# Favour needed - dark photo



## ksm1985 (Dec 27, 2008)

I have a photo of me, the background is fine but it was taken in the shade so i am quite dark, sadly i dont have any good editing software, what i do have has not worked, anyone with good skills and a few mins be able to help me? i'll PM pic, thanks

kev


----------



## bretti_kivi (Apr 22, 2008)

send it over. You can't attach a pic to a PM normally in VB. Link it, I'll see what I can do. No guarantees, mind 

Bret


----------



## herbie147 (May 30, 2010)

Post it up so we can get a laugh kev. I'll photoshop it for you :lol:


----------



## Th3Doctor (Feb 2, 2010)

Designer by trade send it my way if no one else can help


----------



## ksm1985 (Dec 27, 2008)

herbie147 said:


> Post it up so we can get a laugh kev. I'll photoshop it for you :lol:


how about no :lol:


----------



## ksm1985 (Dec 27, 2008)

Th3Doctor said:


> Designer by trade send it my way if no one else can help


ok cheers


----------



## spitfire (Feb 10, 2007)

Post it up and we can all have a shot


----------



## ksm1985 (Dec 27, 2008)




----------



## bretti_kivi (Apr 22, 2008)

ok, a quick play says:
- the eye on the left is screwed up by photobucket. It will always look like you have a black eye with this base.
- if you raise the VALUE curve from the bottom left it lightens nicely, then you can drop the bottom of the curve and it looks pretty OK. Except for the eye.

Bret


----------



## ksm1985 (Dec 27, 2008)

i knew it would be a difficult one to do but thanks dude


----------



## spitfire (Feb 10, 2007)




----------



## Katana (Mar 31, 2007)

Download Google's Picasa software, it's easy to fix stuff like this with the Fill Light slider.
Lesson: When out in bright sunlight use the flash to illuminate the face so you don't end up being in the dark.


----------



## shaqs77 (Jun 10, 2008)

u can download picassa for free, its a really good and easy to use software.


----------



## bretti_kivi (Apr 22, 2008)

Picasa is a lot more limiting than for example GIMP, IMO... plus GIMP has UFRaw as a plugin.

Bret


----------



## herbie147 (May 30, 2010)

Sorry kev, just aint getting the hang of photoshop


----------



## ksm1985 (Dec 27, 2008)

herbie147 said:


> Sorry kev, just aint getting the hang of photoshop


http://gamesmuseum.uwaterloo.ca/Archives/Culin/Hawaii1899/graphics/****3.jpg


----------



## Th3Doctor (Feb 2, 2010)

Hello mate Ive PM you as well as posting here. The retouched picture - Due to the very poor quality of the original I was unable to do a full correction. (as the results you can get are all dependant on the quality of the original.) But I have done my best. It will look different to you as it does form me due to screen calibration. Start with this and let me know if you want any more changes, but I think the images is at its limits.

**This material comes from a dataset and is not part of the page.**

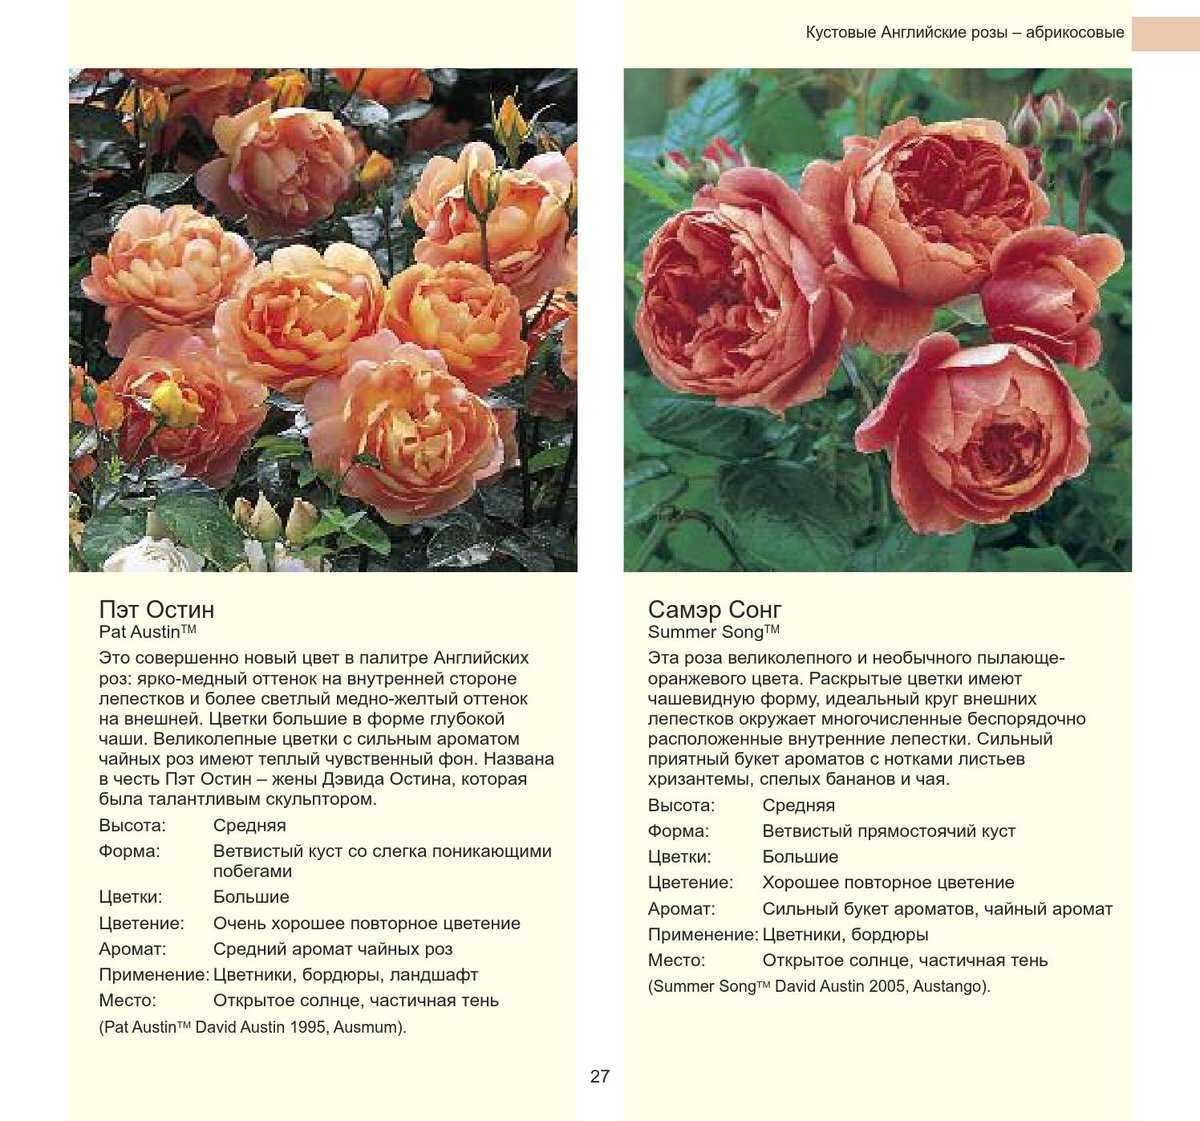 Розы дэвида остина: описание, лучшие сорта, отзывы
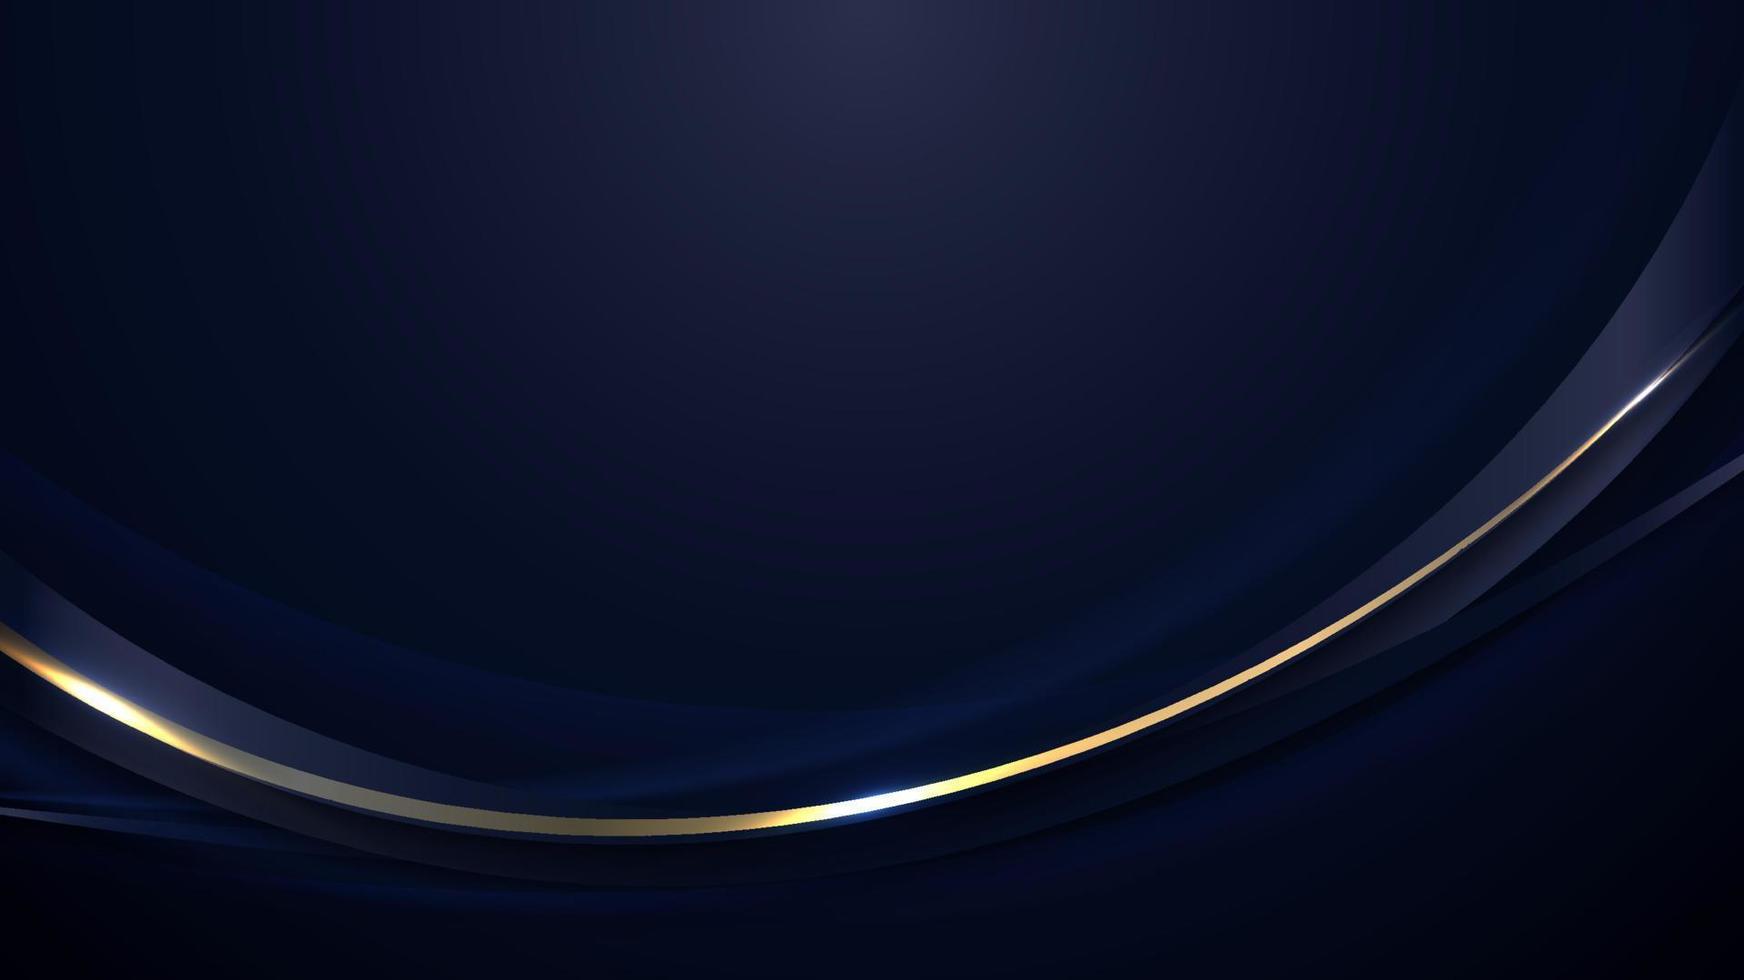 bannière web modèle abstrait lignes courbes bleues et dorées chevauchant la conception de couches sur fond bleu foncé vecteur

Do you have a Hires original?


----------



## Th3Doctor (Feb 2, 2010)

Does anyone know how i get the image to display in the post?


----------



## HornetSting (May 26, 2010)

Would a flash really deal with the dark areas? I would think the sun etc is too bright for a 'normal' cameras flash to deal with that. Is it not the shadow of the nearby tree thats causing the dark area. 

Some of the attempts to correct are great, especially the first one.


----------



## Katana (Mar 31, 2007)

HornetSting said:


> Would a flash really deal with the dark areas?


Go try it for yourself, it won't work well over a certain distance because flashes have a limited range, but most shots of people are shot pretty close anyway solving that problem.
This technique is called Fill Flash, google it as there's a ton of articles about it.


----------



## Mike_182 (Mar 22, 2007)

A good strong flash gun would be like an x-ray on him, so yeah - as long as that photo's not taken by someone on the end of a £100,000 1200mm lens stood half a mile away then I don't see why it should be a problem


----------